To date, the parties had largely disputed utility patents that focused on functionality or manufacturing techniques, but this particular case between Samsung Electronics (UK) Limited and Apple Inc was about the visual design of the tablets themselves.
Apple submitted to the court that there were seven main groups of features where the Samsung offerings infringed Apple’s design, including "a rectangular, biaxially symmetrical slab with four evenly, slightly rounded corners", and "overall, a design of extreme simplicity…".
The challenge for the Court was threefold. First, reconcile the iPad with the prior art base for tablets. Second, consider to what extent the design elements were driven by function, or necessity, rather than creativity. Finally, the Court would need to compare the iPad with the Galaxy devices to determine if Samsung’s offerings "… produced on the informed user a different overall impression".

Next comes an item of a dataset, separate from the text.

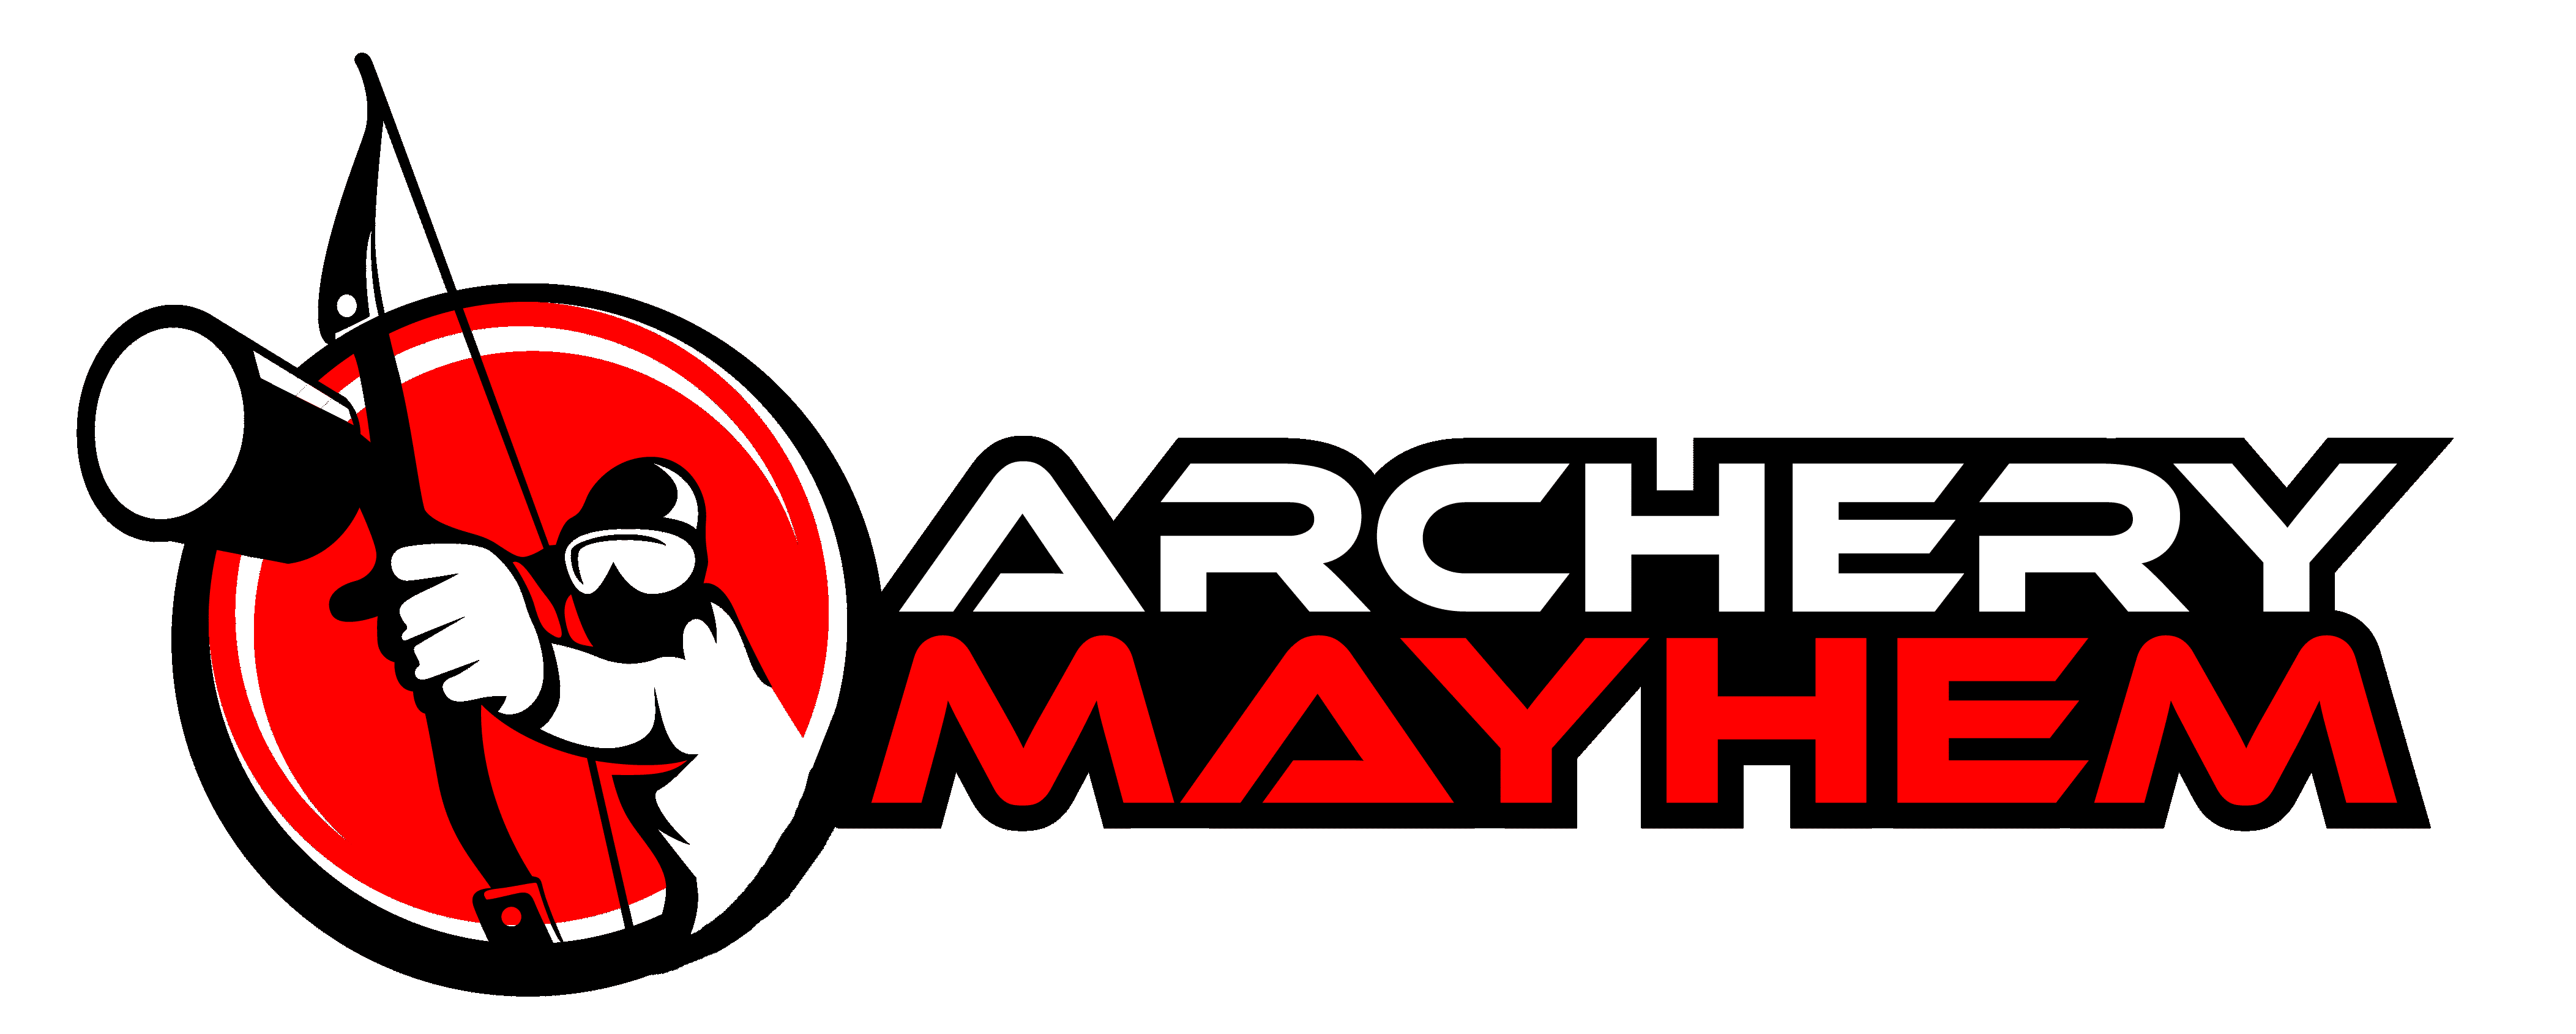 Archery Mayhem Logo

The Court made the point that the very portable, lightweight nature of these tablets undercuts much of the design process, and both products could be clearly seen as part of the "family … of its kindred prior art base". But as it turns out, the Court concluded that the vast bulk of the iPad’s features are a by-product of design choices, rather than being dictated by function.
Further, the Court found that, for the most part, Samsung’s Galaxy Tabs were similar in each of the 7 areas – variously describing the features as "virtually identical", "trivial (difference)", and "… very, very similar". What separated the products in the end was the thinness of the Galaxy Tabs, and the detailing on the back of the device – nuances that the Court considered would not be lost on the "informed user".
Samsung would have been very happy with this result, and all the parties would have marched off to prepare for their next engagement (or possibly the appeal to this one…), but the Court was not done.
In a cruel, Pyrrhic-like closing, the Court stated that Samsung’s products "do not have the same understated and extreme simplicity which is possessed by the Apple design. They are not as cool". Thus: "The overall impression produced is different".
You could not buy publicity like that. Just goes to show – you can win the legal battle, but lose the marketing war.